Assume $\sqrt 3$ has all digits $b_i=0$ for $i\in\{n,...,2n\}$ (these are $n+1$ digits). Write

$$\sqrt 3\cdot 2^{n-1}=N + \epsilon= b_1\cdots b_{n-1}.\underbrace{0\cdots0}_{n+1}b_{2n+1}\cdots$$

where $N=b_1\cdots b_{n-1}\in\Bbb N$ is the integer part, and $\epsilon=0.b_{n}b_{n+1}\cdots\in(0,1)$ is the fractional part (which is stricly positive because of the irrationality of $\sqrt{3}$). We have $N< 1.8\cdot 2^{n-1}$ (with $1.8$ being a rough upper bound for $\sqrt 3$).
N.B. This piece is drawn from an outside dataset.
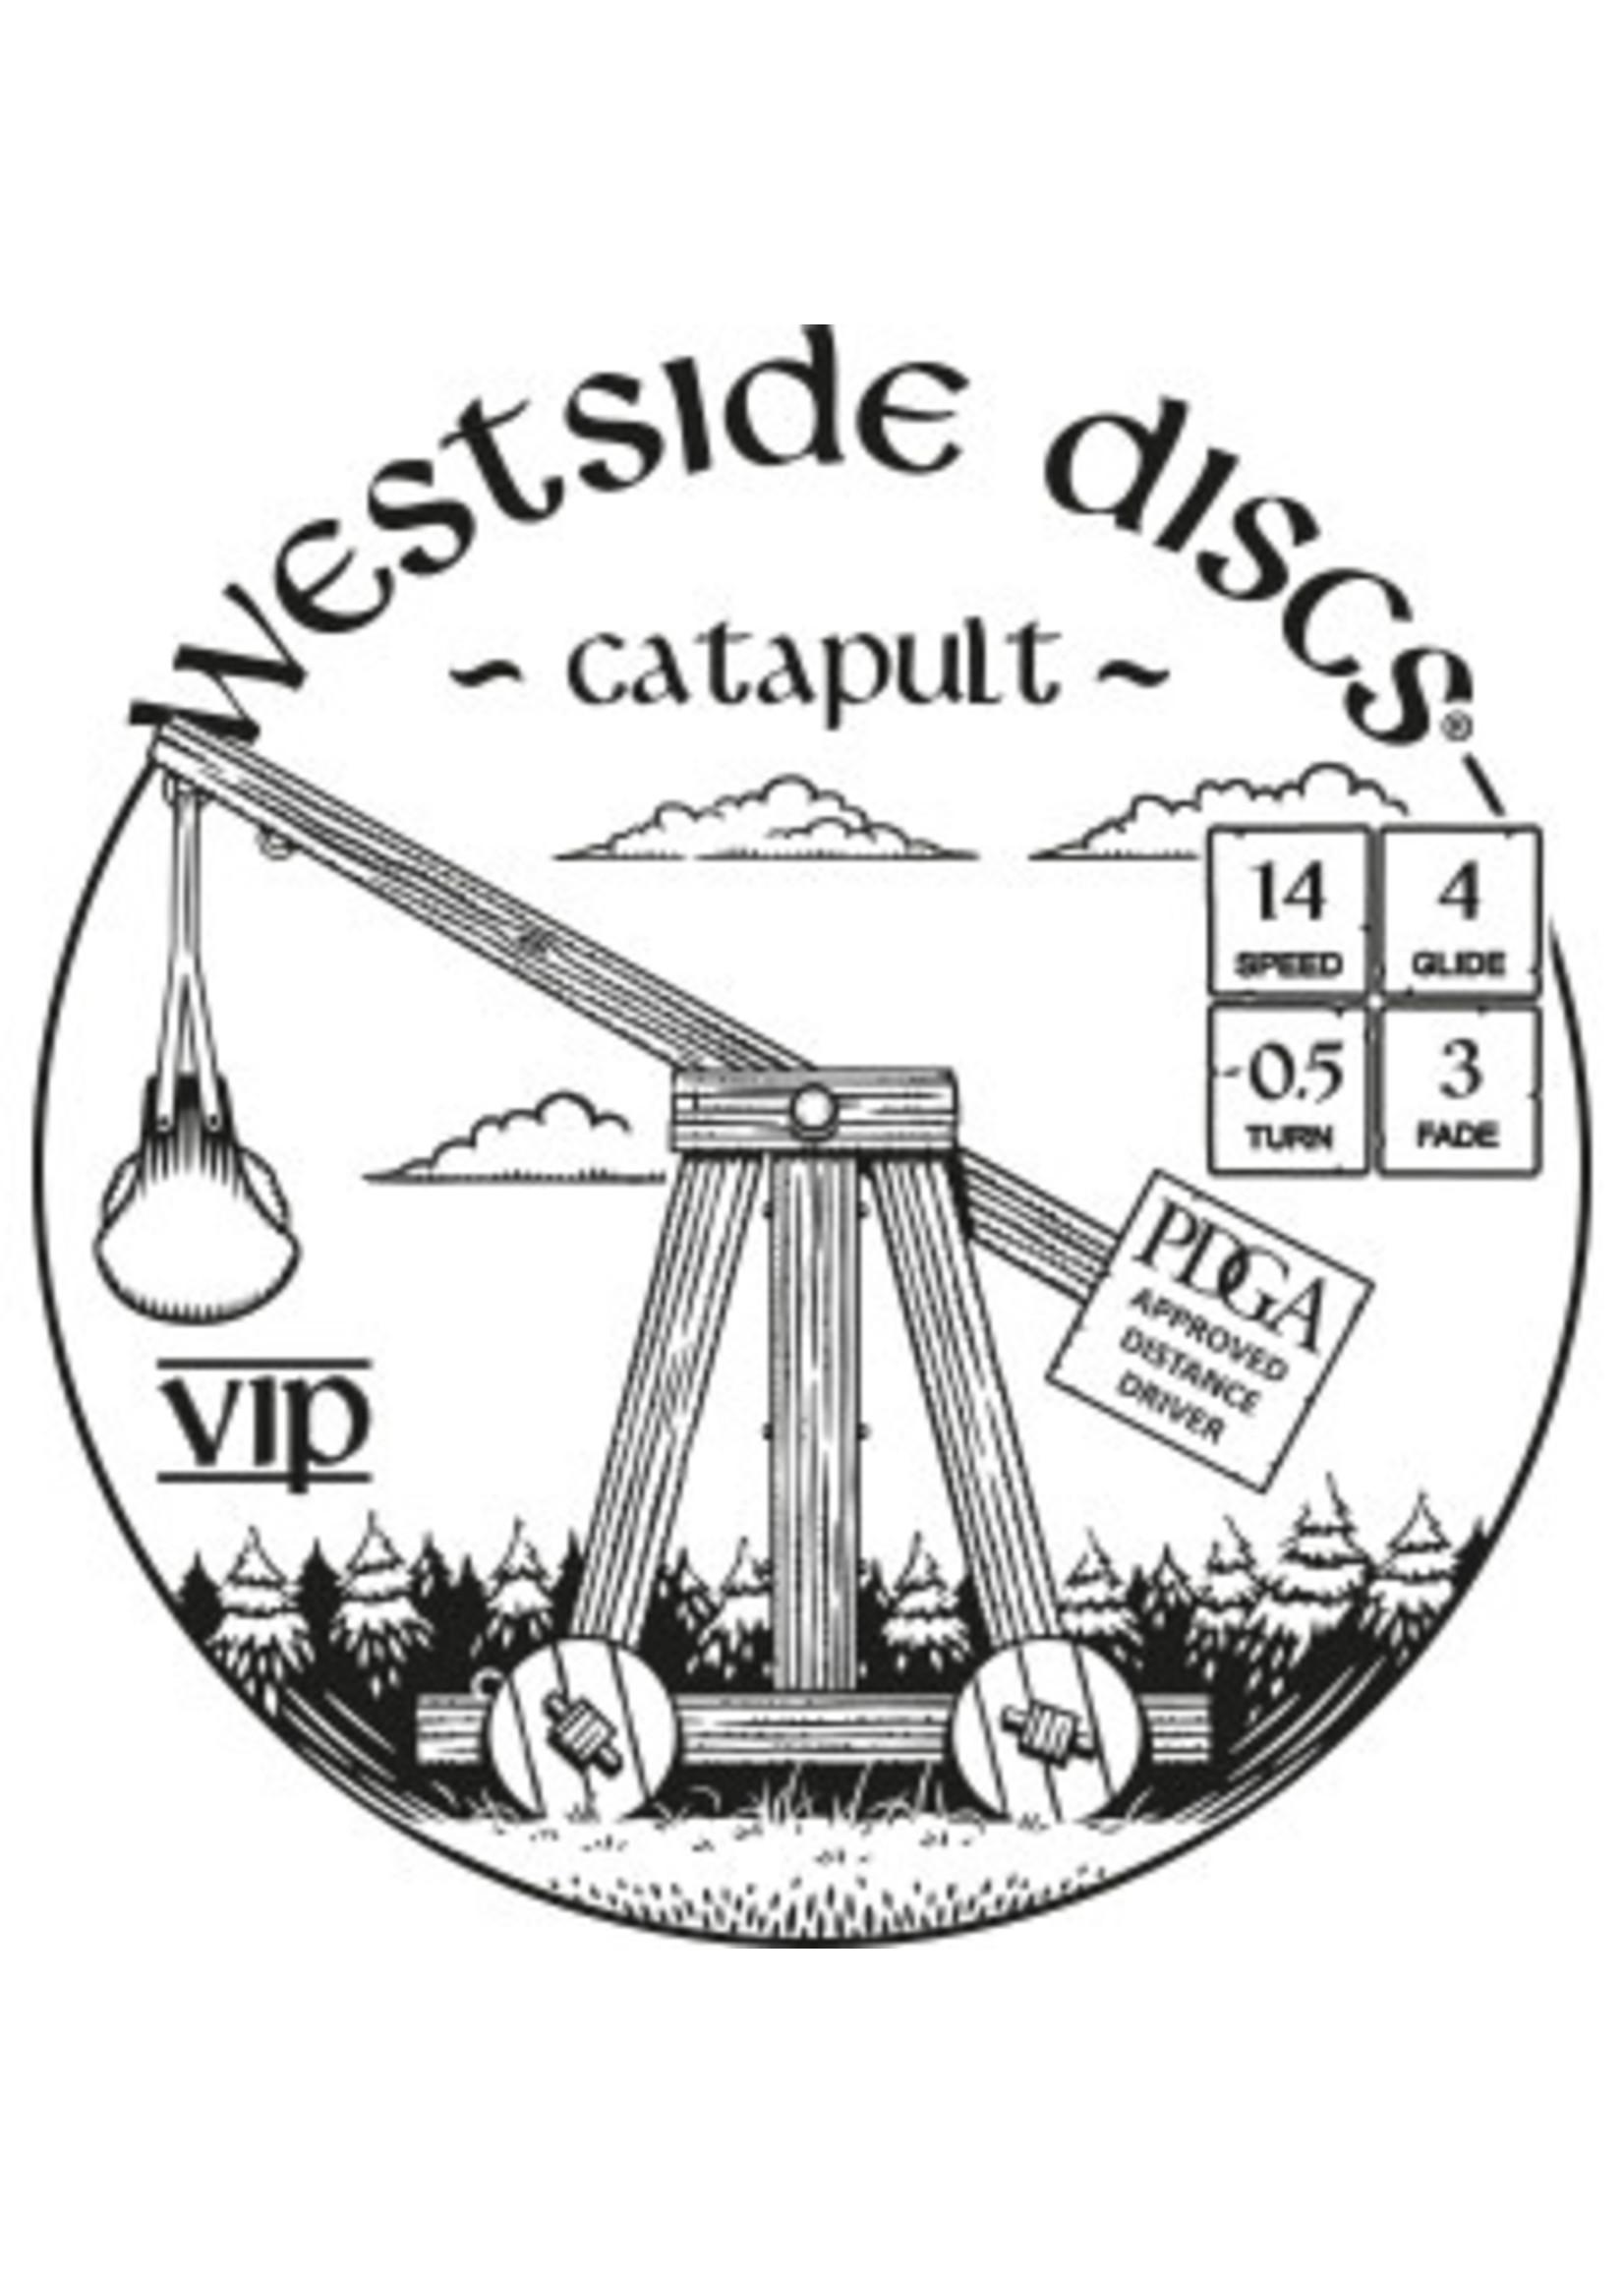 Westside Discs Westside Discs Catapult

Further, $\epsilon$ must have zeros as the first $n+1$ digits $b_n,...,b_{2n}$. So the largest possible value is

$$\epsilon \le 0.\underbrace{0\dots0}_{n+1}\overline 1=0.\underbrace{0\cdots 0}_n1=\frac1{2^{n+1}}$$

Now observe that

$$\underbrace{3\cdot 2^{2n-2}}_{\text{integer}}=(\sqrt 3\cdot2^{n-1})^2=N^2+2N\epsilon+\epsilon^2.$$

The left side is an integer, and so is $N^2$. Note that $0<2N\epsilon< 0.9$. And finally, since $\epsilon^2<1/2^{2n+2}<0.1$, we cannot close the gap to make the right side a whole integer too.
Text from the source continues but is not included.